Follow these instructions to start providing the value of automated integrations to your customers:
1. Inside the
Lumu Portal for MSP
’s “
Tenants
”
section, select the company you want to operate.
2. Open the “
Integrations
”
tab, make sure you are looking at the Tenant’s available apps, and then select the integration type you want. We will select Response. You can learn more about our
Out-of-the-box Integration
(OOTB) types in our documentation. 3. When Response is selected, you will see all the available integrations. Look for the cybersecurity solution you want to integrate with Lumu within them. Alternatively, you can also look at all the available
OOTB integrations in our documentation.
4. Add
the technology you want to integrate
Now you can activate the integration; however, each integration has a different setup procedure. You can access the documentation from this view, alternatively you can look it up in our documentation.
Follow the integration procedure and finish setting up the response integration.

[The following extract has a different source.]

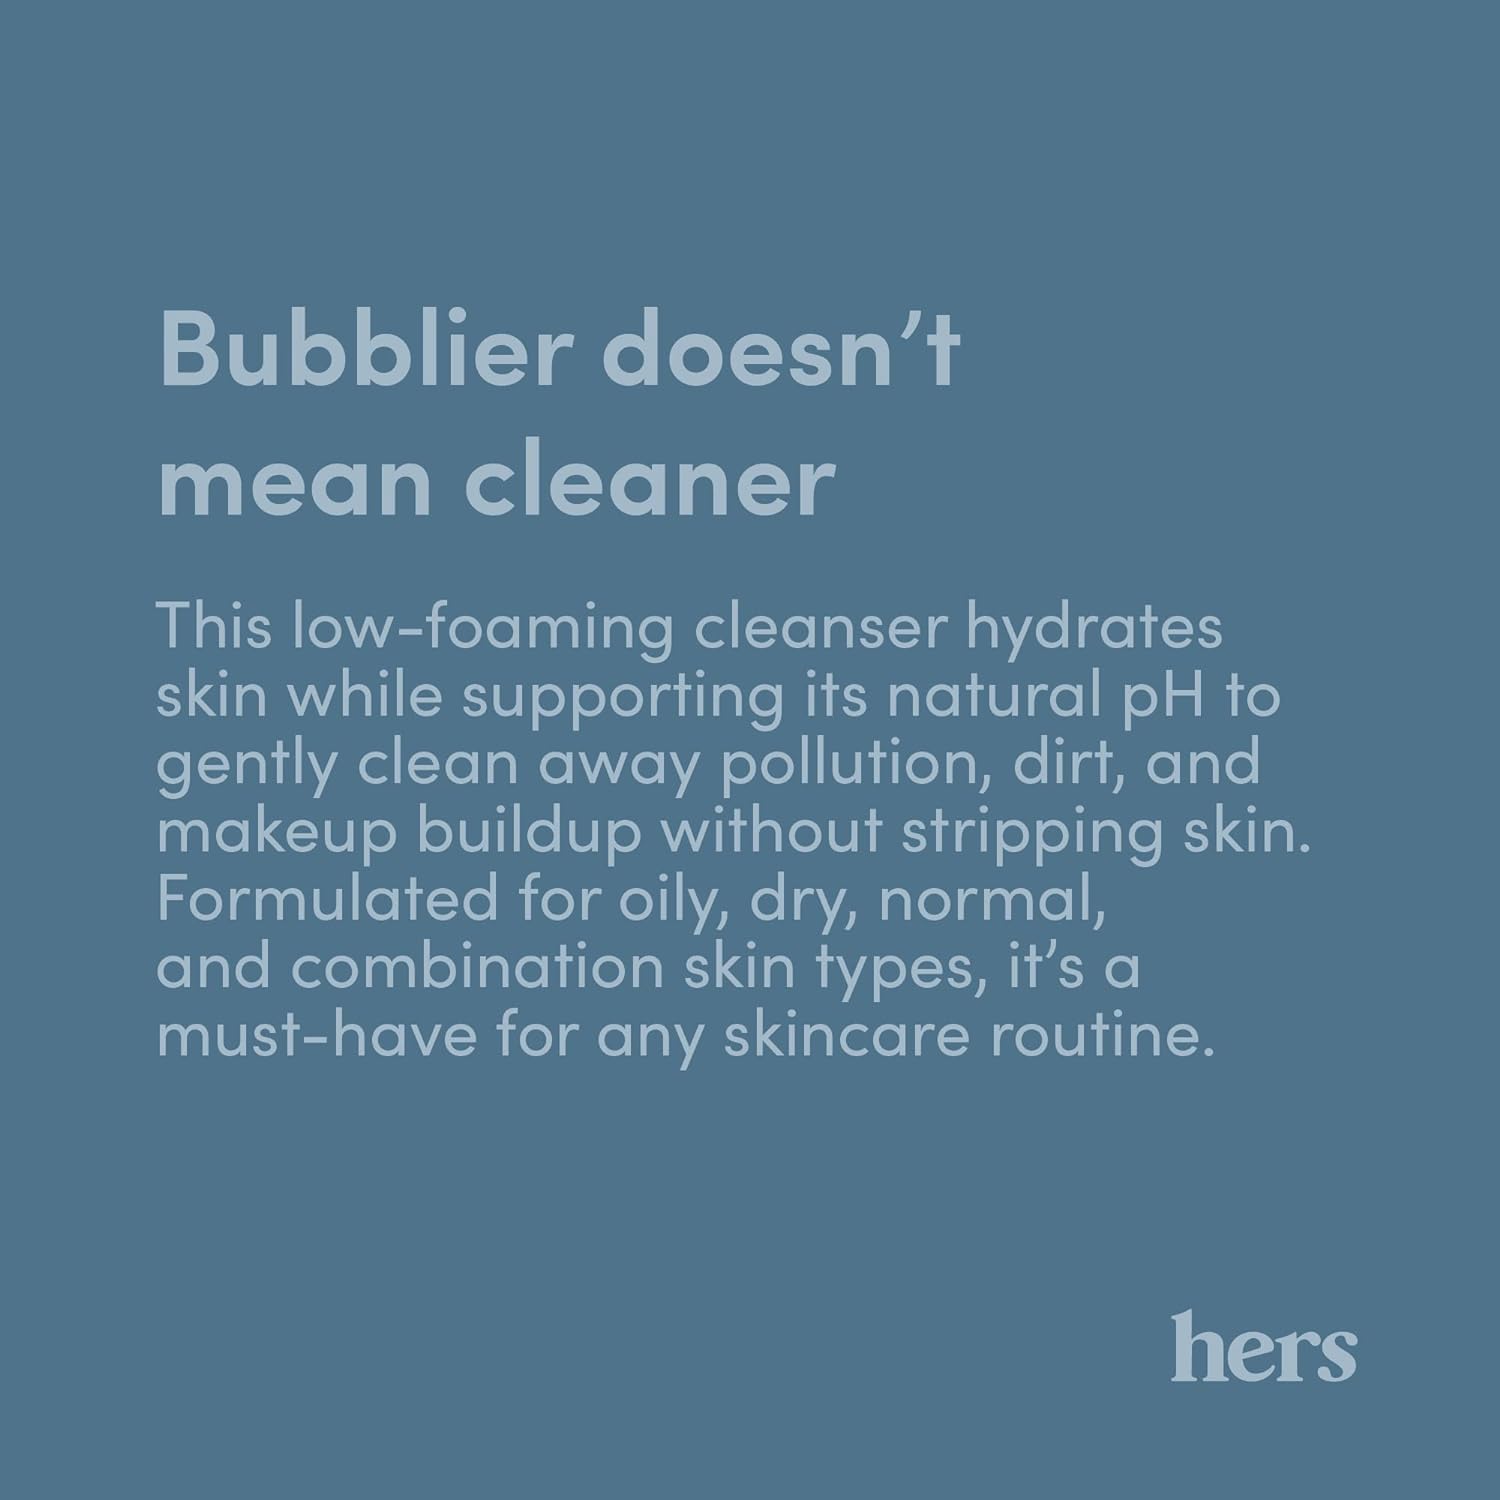 hers Clear Waters Hydrating Cleanser - Squalane Cleanser Face Wash Made for All Skin Types - Supports Skins Natural pH - Contains Hyaluronic Acid, Squalane, and Green Tea Extract - 6.8 fl Oz : Beauty & Personal Care

Now you have unprecedented visibility into the company’s cybersecurity state; however, Lumu has additional options that may suit individual organizations with specific needs.
Optional Step - Additional Visibility
Lumu has an array of additional visibility options MSPs can use to provide Continuous Compromise AssessmentTM to their organizations which you can find in the portal.
Navigate the available options that you think can provide value to your customers. You will find the related documentation in each tab to deploy them. Let’s take a brief look at each option:
-
Virtual Appliances: The Lumu Virtual Appliance (VA) is a pre-configured lightweight virtual machine solution that collects the network metadata of the entire enterprise and forwards it to the Lumu cloud with the lowest impact on the network operation.
-
Gateways: Lumu Gateways allow you to associate part of the traffic originating from the organization using Lumu IP addresses as DNS resolvers and illuminate threats, attacks, and adversaries coming from the network.
-
Custom Collectors: Some enterprises may already be using defense solutions such as Endpoint Detection and Response (EDR) or network monitoring tools as part of their pipelines to centralize their logs. Lumu gives the option to deploy custom collectors to send the company’s network metadata to Lumu.
-
Email Intelligence: Lumu can analyze your email data to find potential threats and campaigns targeting a company. This unique threat intelligence source can help you understand who adversaries are attempting to compromise in the organization and how they are being targeted. This intelligence will help you make strategic and tactical decisions to disrupt the cycle.
-
Defender API - Custom Integrations: For scenarios where an organization has specific requirements that are not yet available through the preconfigured out-of-the-box integrations, you have the possibility to set up integrations via API to connect Lumu in the way that best suits your needs. The Defender API settings are available from the Lumu Portal and allows endless possibilities of integrating with blocking lists, firewalls, SIEMs and far more.